Interestingly, Tesla sent engineers to assist the firefighters in removing the vehicle and its battery pack from the scene (pictures via Dean C. Smith on Twitter):

The authorities are reportedly investigating the cause of the fire.

Electrek’s Take

It’s a tragic accident, but as previously discussed, nothing indicates that electric vehicles, like Tesla’s vehicles, catch on fire more often than gas-powered cars.

It’s not uncommon for any vehicle to catch on fire after a severe high-speed crash, which seems to be the case here.

But with this said, it’s still important for first responders to have a good understanding of how to approach a lithium battery fire.
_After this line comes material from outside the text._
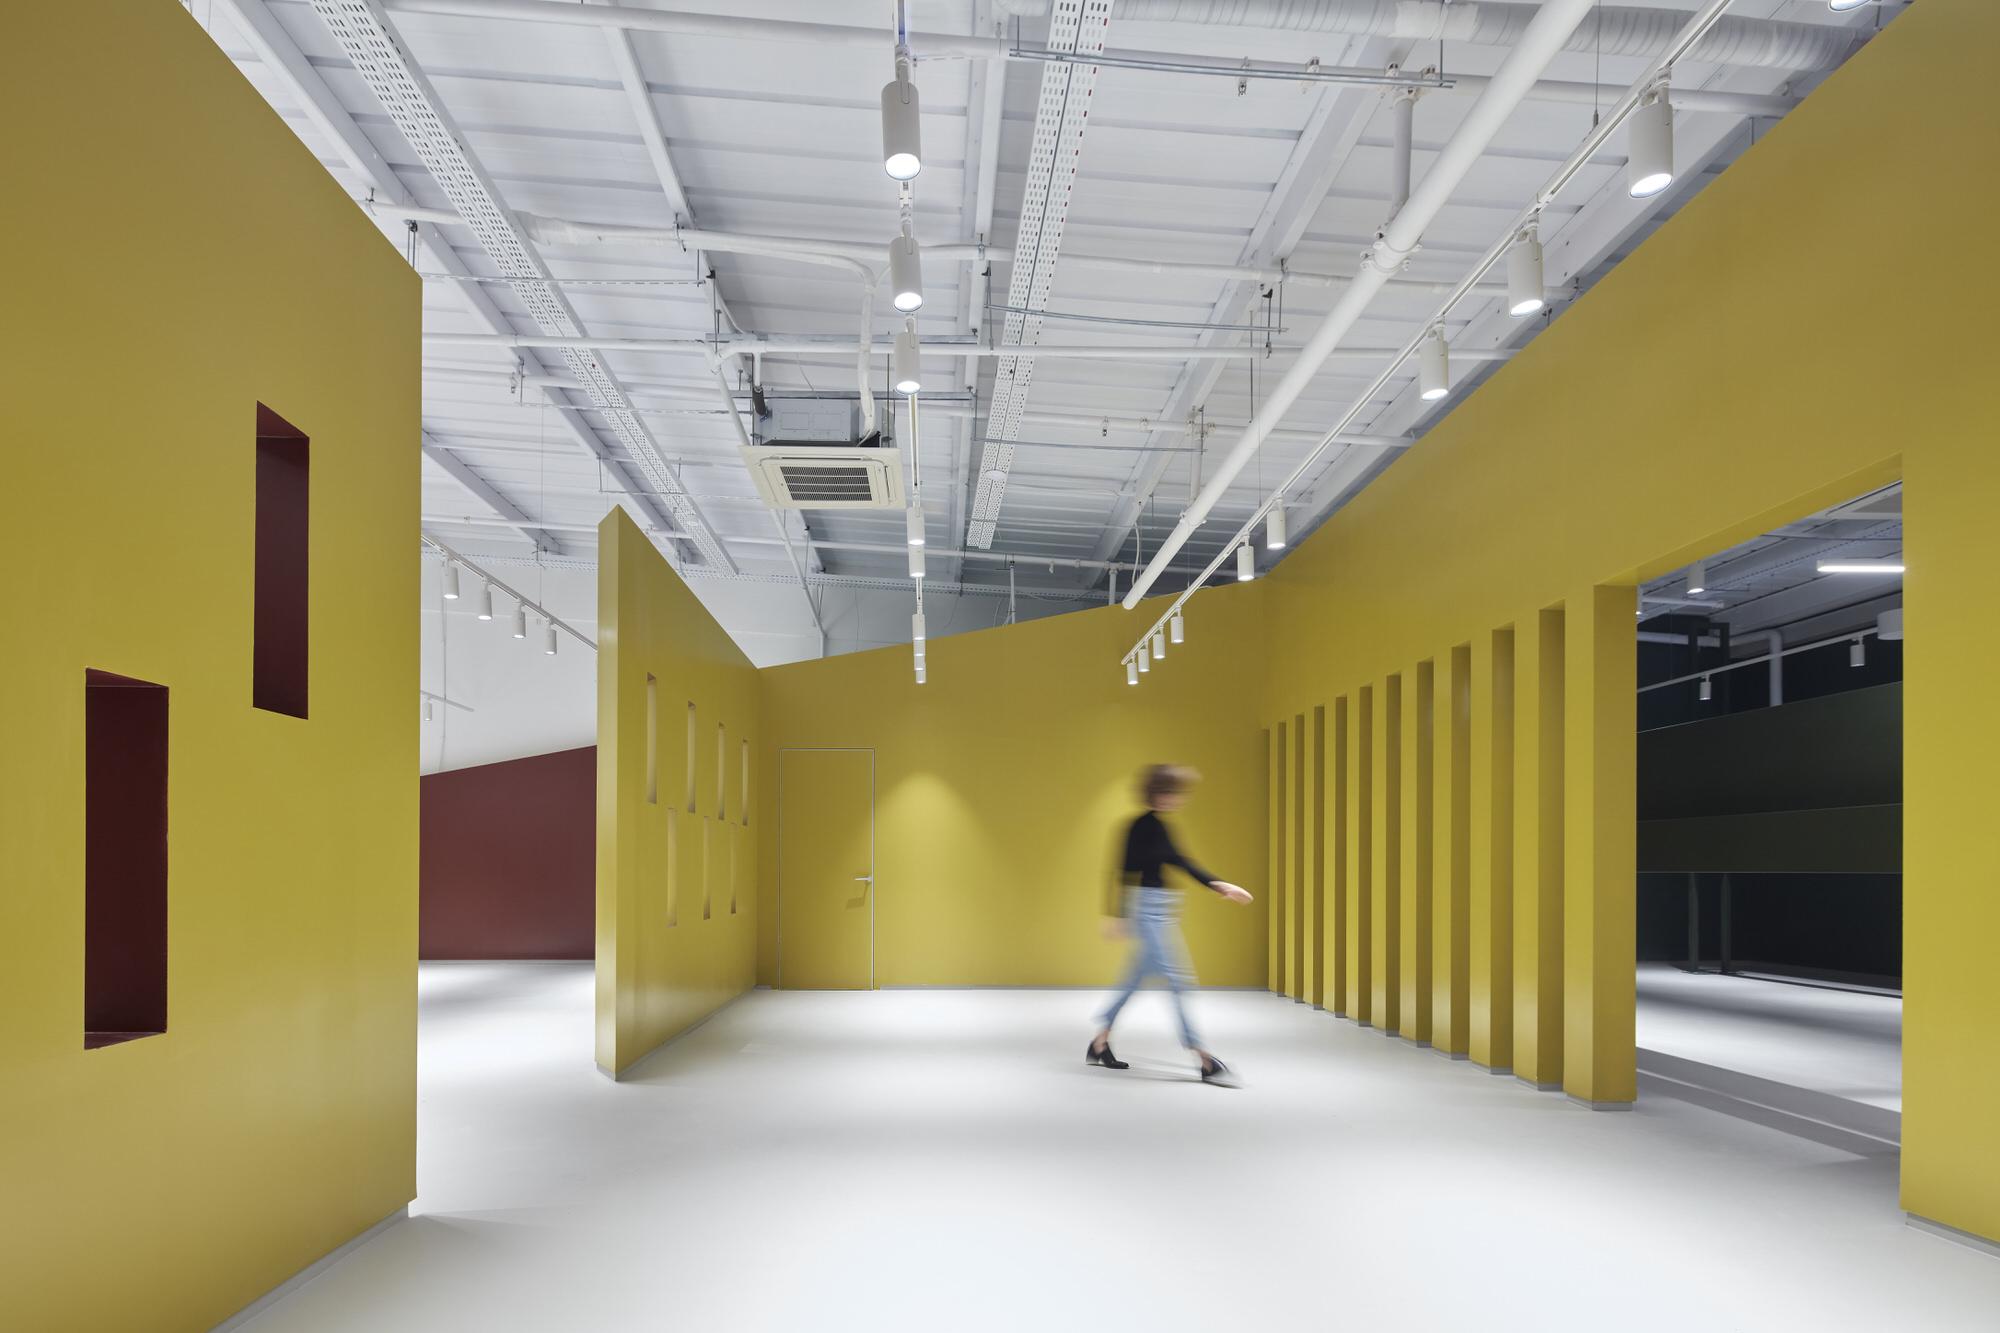 Baranowitz Goldberg Kaza Israel Showroom Interior Design Photo Shai Gil Yellowtrace 26

Tesla recommends using “large amounts of water” to extinguish a battery fire in its vehicles and to use a thermal imaging camera to monitor the battery for at least one hour after it is found to be completely cooled:

“If the high voltage battery catches fire, is exposed to high heat, or is bent, twisted, cracked, or breached in any way, use large amounts of water to cool the battery. DO NOT extinguish with a small amount of water. Always establish or request an additional water supply.”

Tesla also has firewalls inside the battery pack that can slow down the fire from spreading between the modules.

In this case, it seems to have stopped about halfway through the pack.